====== DATA BLOCK ======

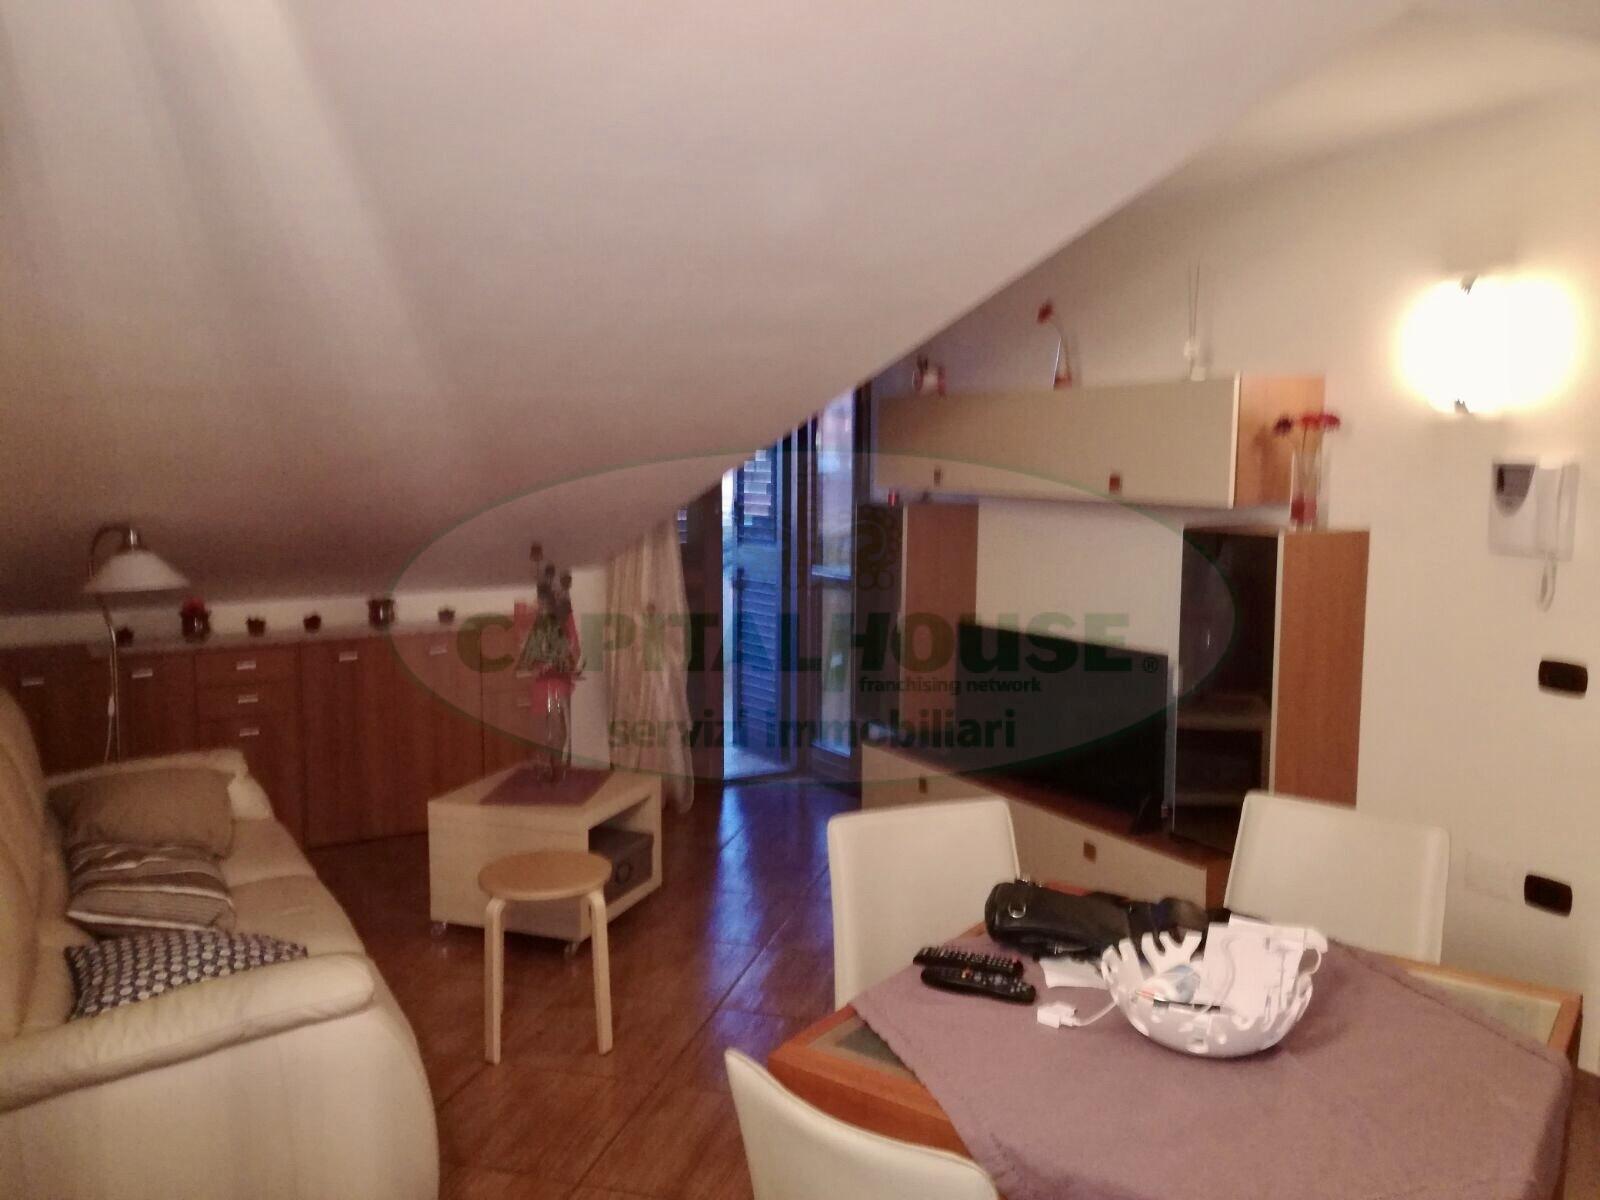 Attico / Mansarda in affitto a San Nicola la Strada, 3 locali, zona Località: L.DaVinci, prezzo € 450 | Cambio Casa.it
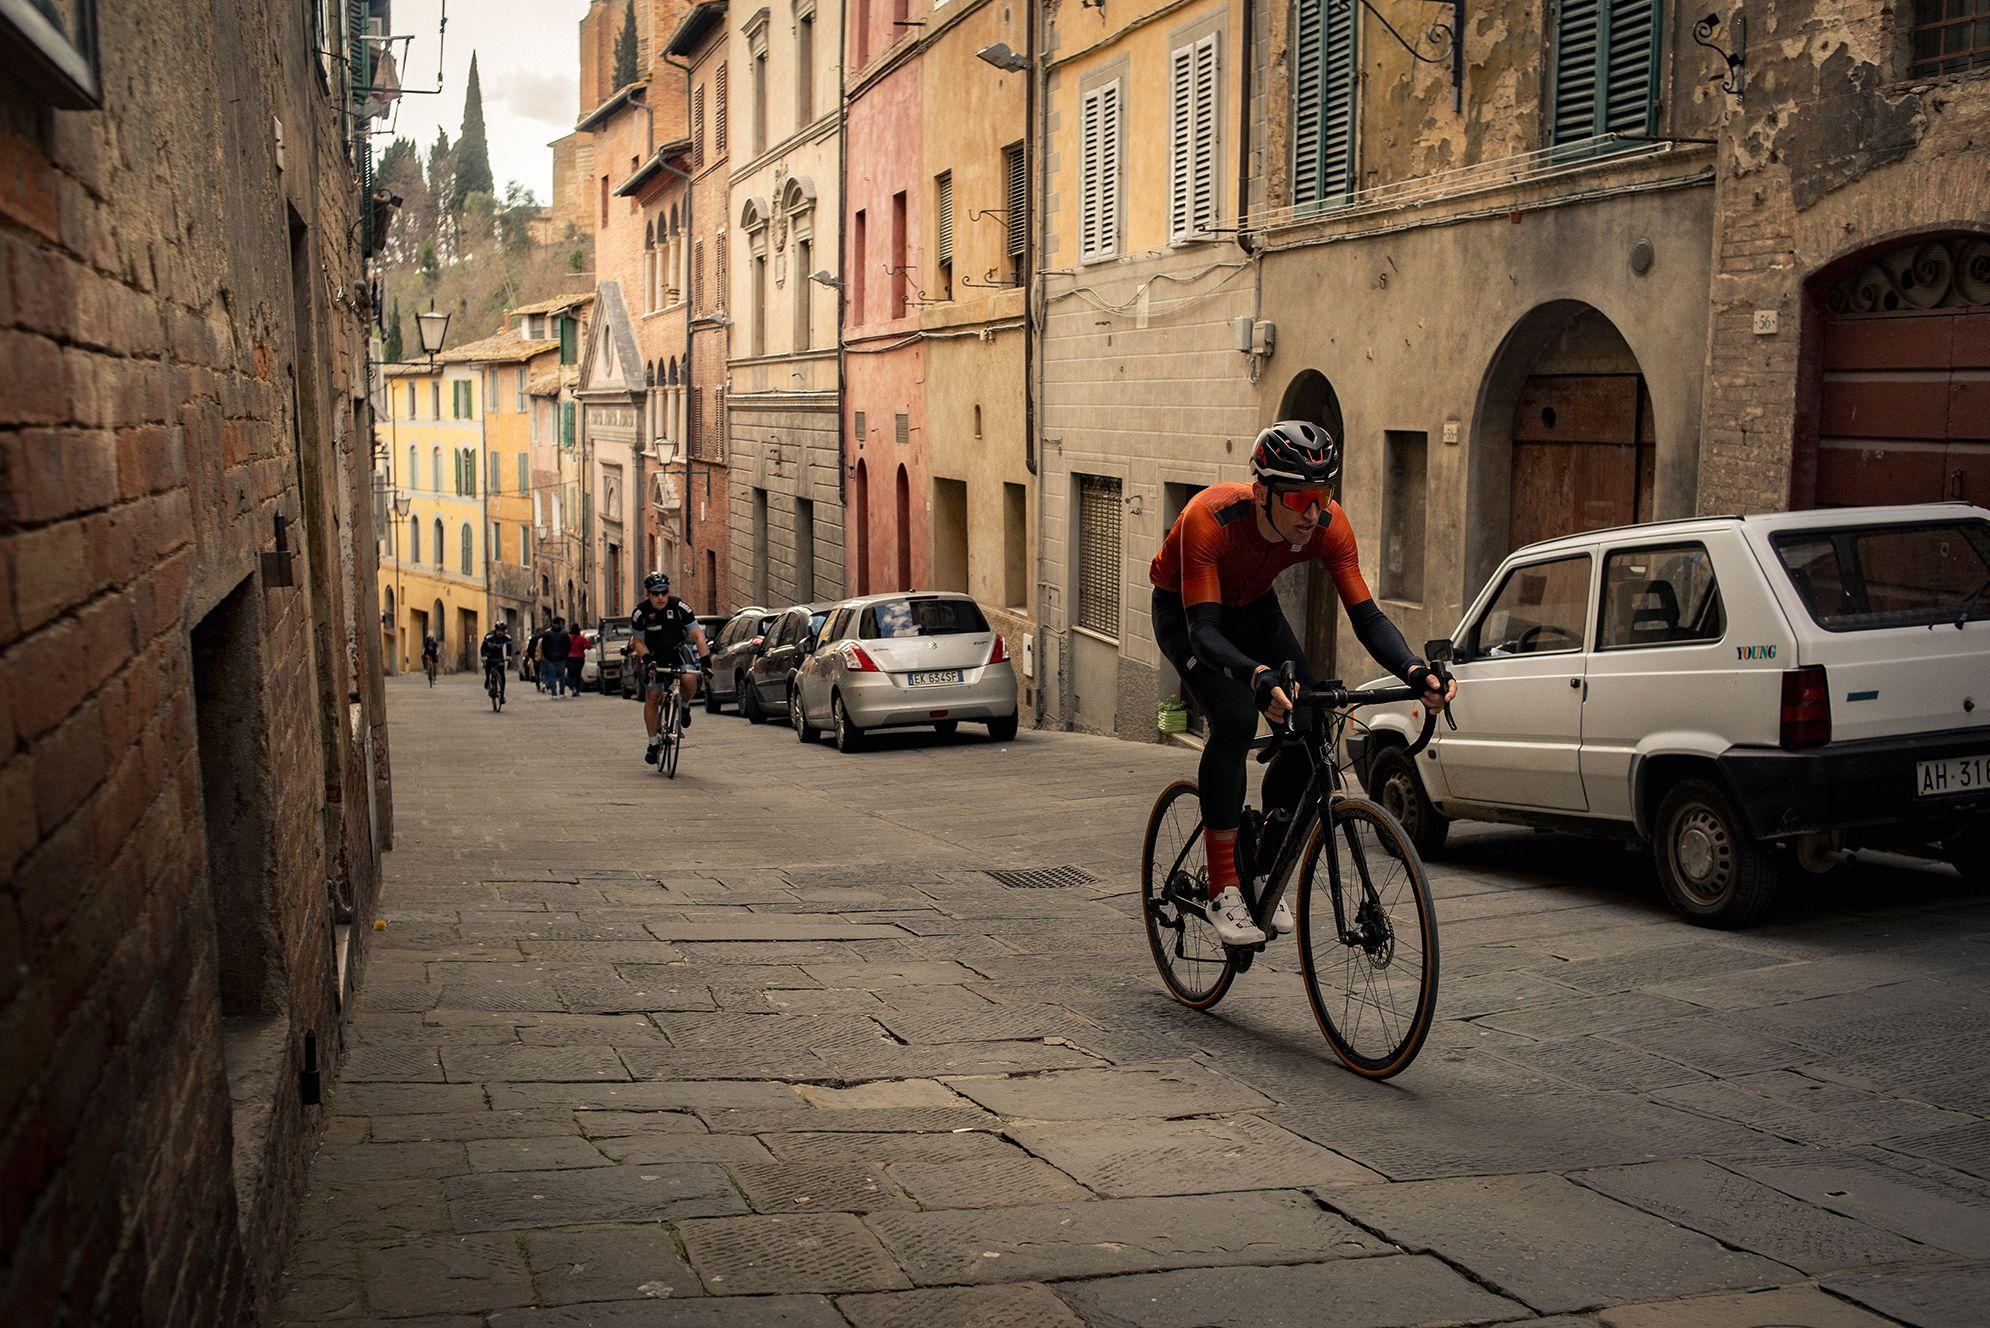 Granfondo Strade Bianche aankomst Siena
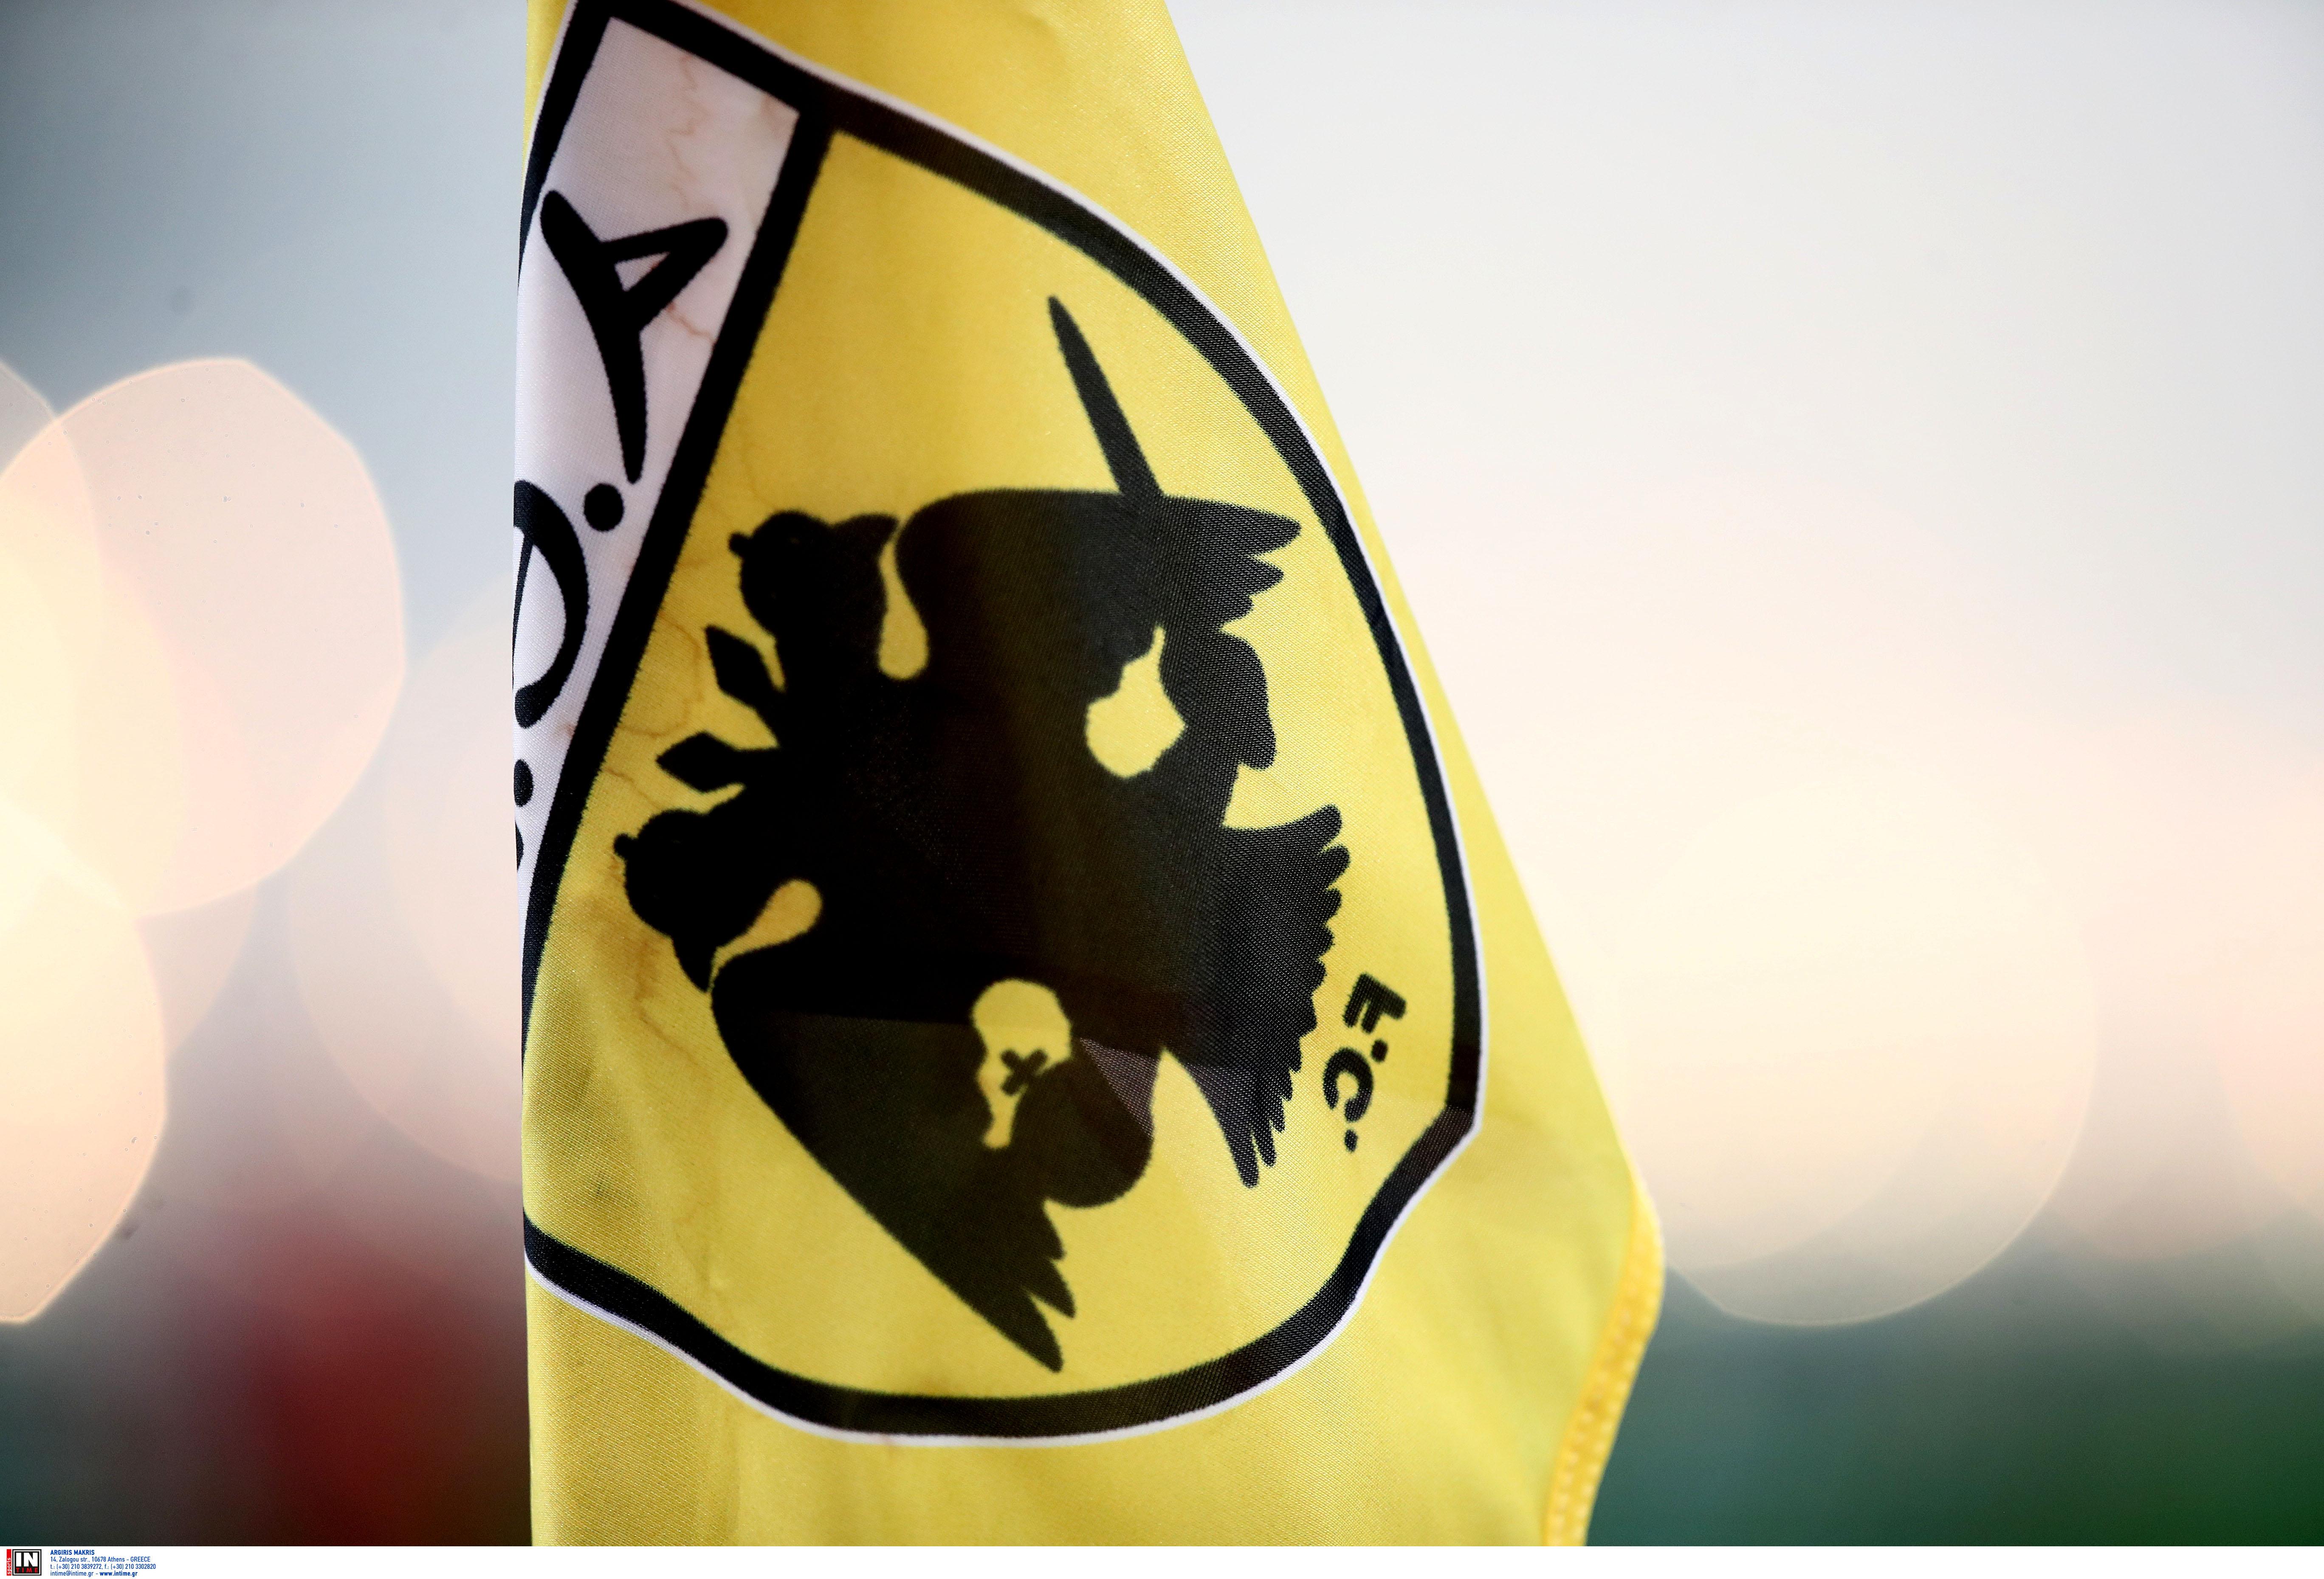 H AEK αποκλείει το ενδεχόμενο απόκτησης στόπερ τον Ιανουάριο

======

> _TASK TO COMPLETE_
Retype the data above exactly. Do not carry over any images.

> _RESULT BELOW_
 Attico / Mansarda in affitto a San Nicola la Strada, 3 locali, zona Località: L.DaVinci, prezzo € 450 | Cambio Casa.it
 Granfondo Strade Bianche aankomst Siena
 H AEK αποκλείει το ενδεχόμενο απόκτησης στόπερ τον Ιανουάριο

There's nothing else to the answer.